The output should match the data below line for line.
━━━━━ Dataset content ━━━━━
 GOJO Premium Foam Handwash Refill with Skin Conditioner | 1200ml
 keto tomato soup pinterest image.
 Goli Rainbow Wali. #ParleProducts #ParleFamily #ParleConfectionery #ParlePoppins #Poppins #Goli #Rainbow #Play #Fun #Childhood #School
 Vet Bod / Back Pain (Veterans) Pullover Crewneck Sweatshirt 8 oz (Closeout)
━━━━━
▶ **Written answer**:
 GOJO Premium Foam Handwash Refill with Skin Conditioner | 1200ml
 keto tomato soup pinterest image.
 Goli Rainbow Wali. #ParleProducts #ParleFamily #ParleConfectionery #ParlePoppins #Poppins #Goli #Rainbow #Play #Fun #Childhood #School
 Vet Bod / Back Pain (Veterans) Pullover Crewneck Sweatshirt 8 oz (Closeout)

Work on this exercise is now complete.